** What you will do **
Only the lines below between the one holding "Screenshot_2018-09-28-13-22-04-809_com.tencent.mm.png" and the one holding "Disegno a mano", inclusive, are to be reproduced word for word; the pictures are to be left out.

** Exercise materials **
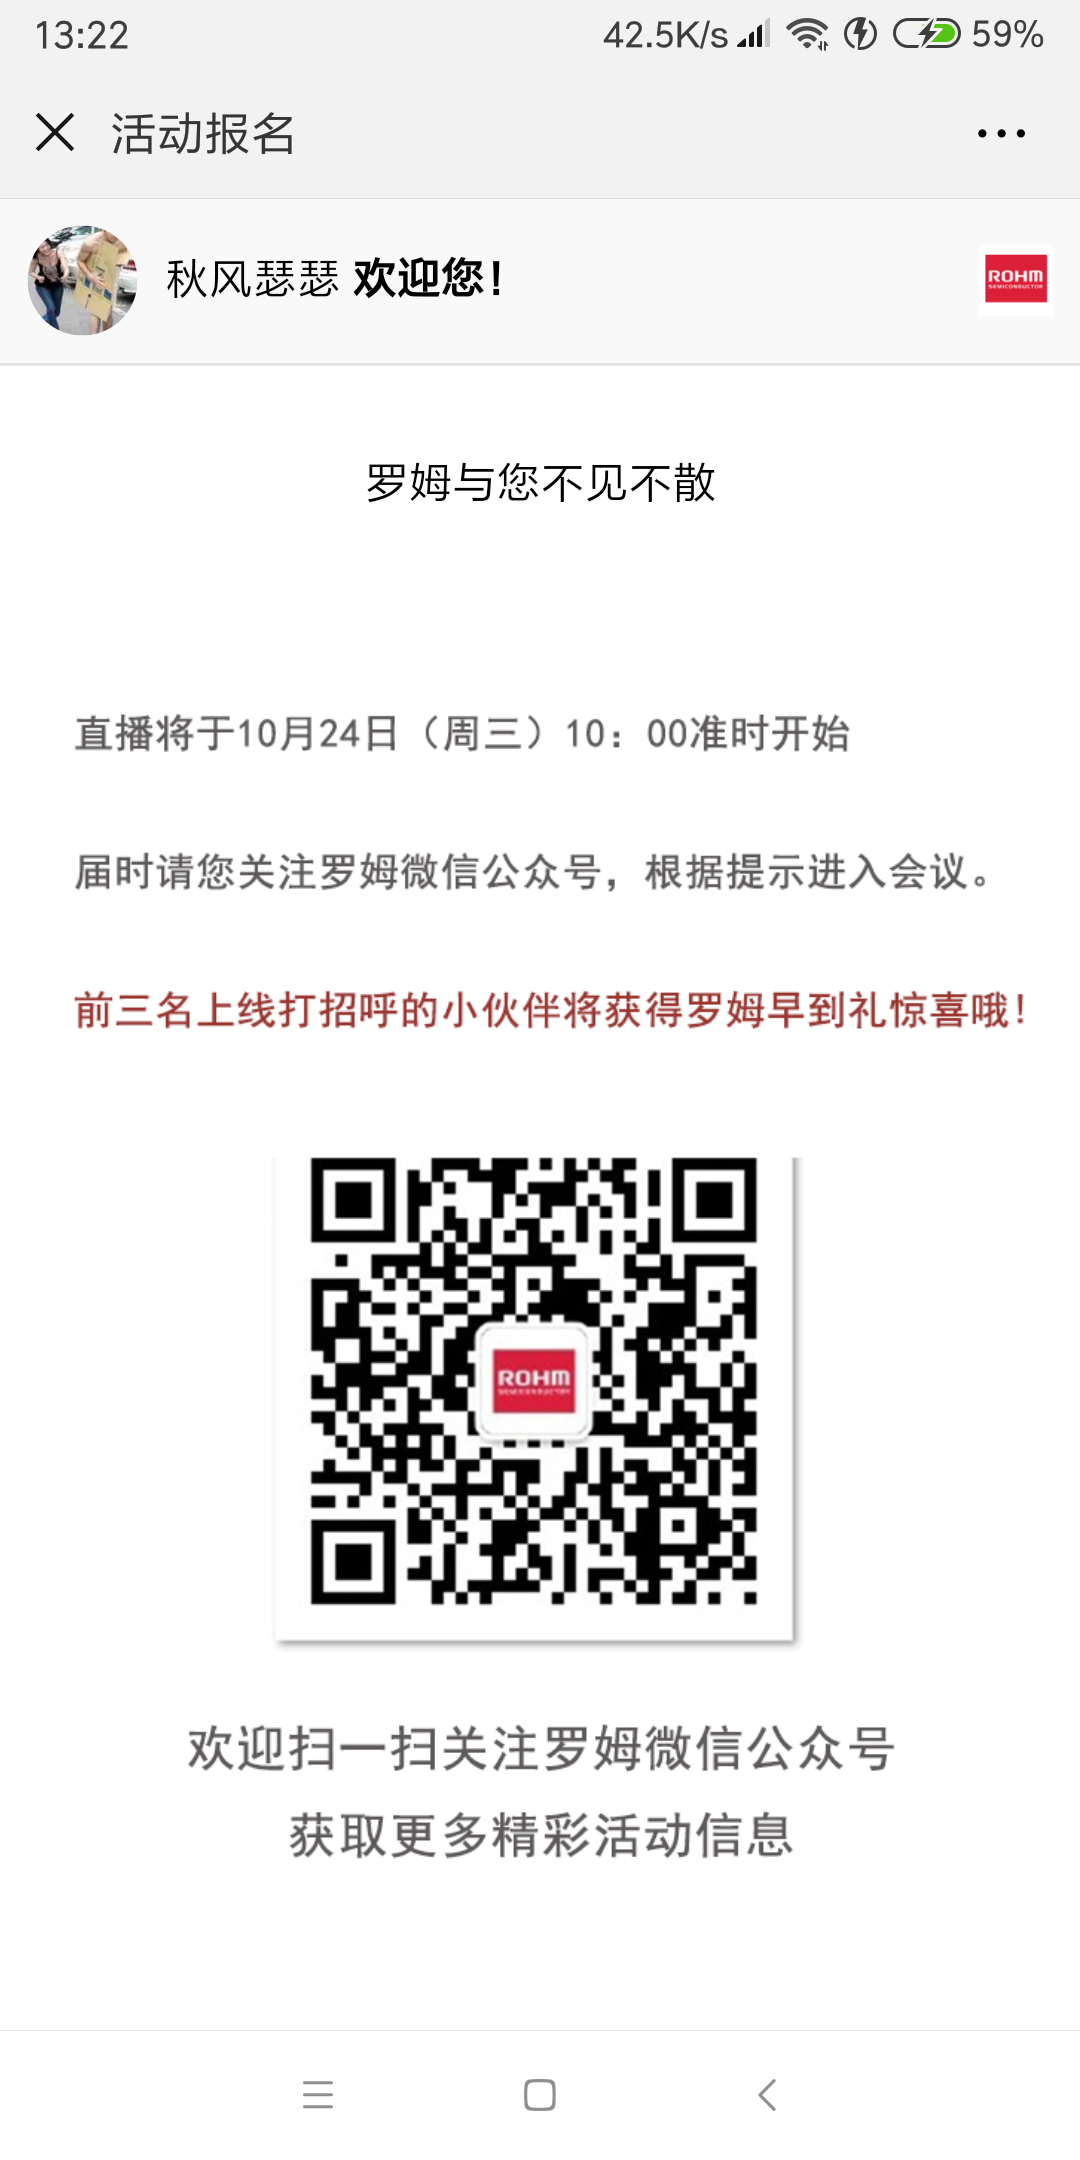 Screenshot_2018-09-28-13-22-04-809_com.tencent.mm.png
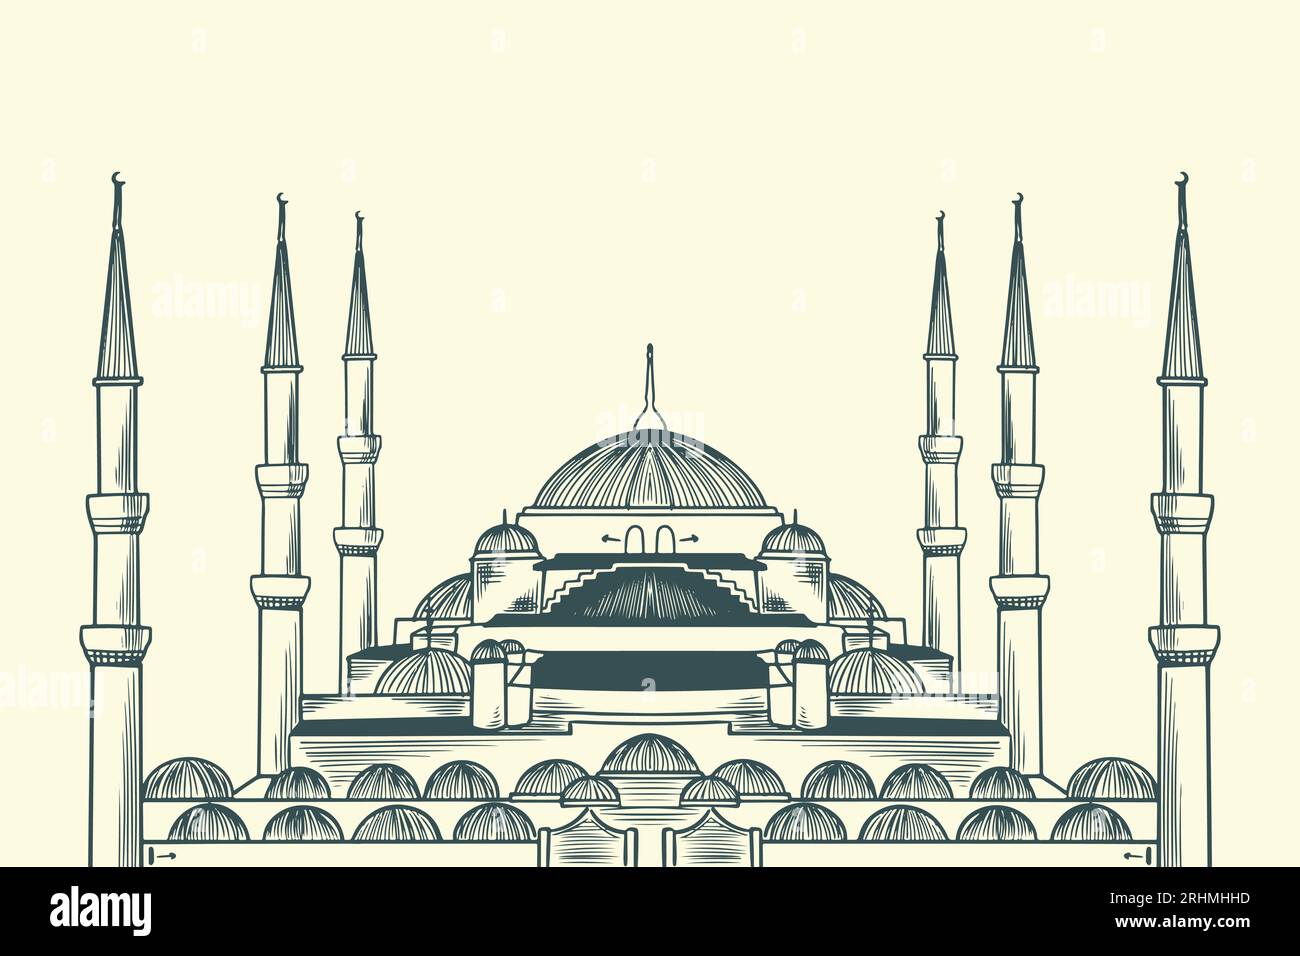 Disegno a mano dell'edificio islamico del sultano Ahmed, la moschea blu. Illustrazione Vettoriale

--

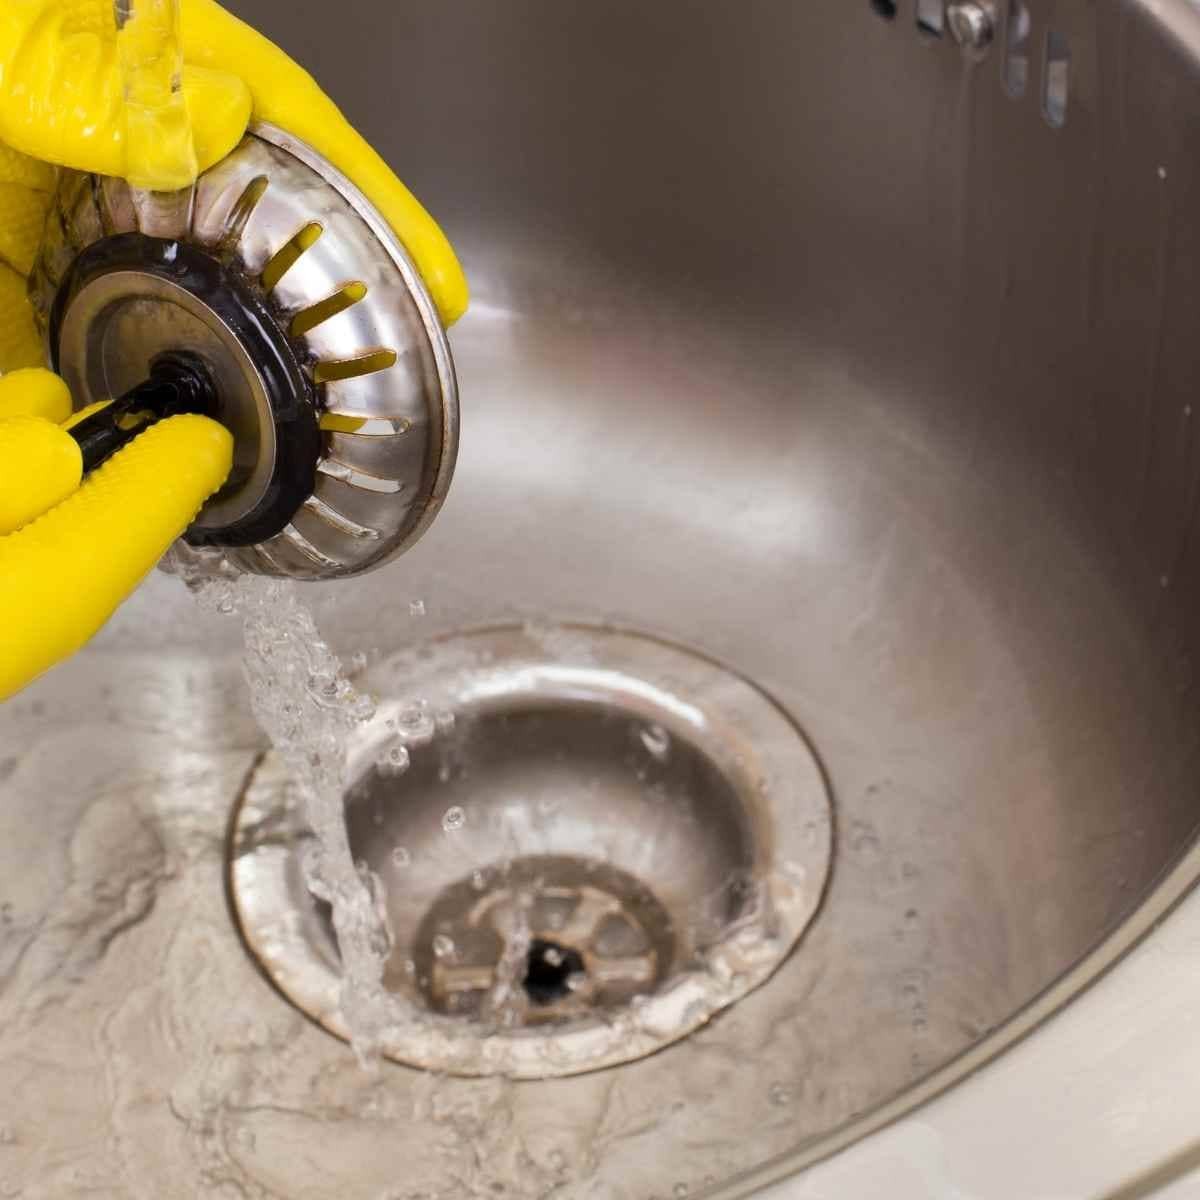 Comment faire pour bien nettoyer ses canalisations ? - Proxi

** Answer to this exercise **
 Screenshot_2018-09-28-13-22-04-809_com.tencent.mm.png
 Disegno a mano dell'edificio islamico del sultano Ahmed, la moschea blu. Illustrazione Vettoriale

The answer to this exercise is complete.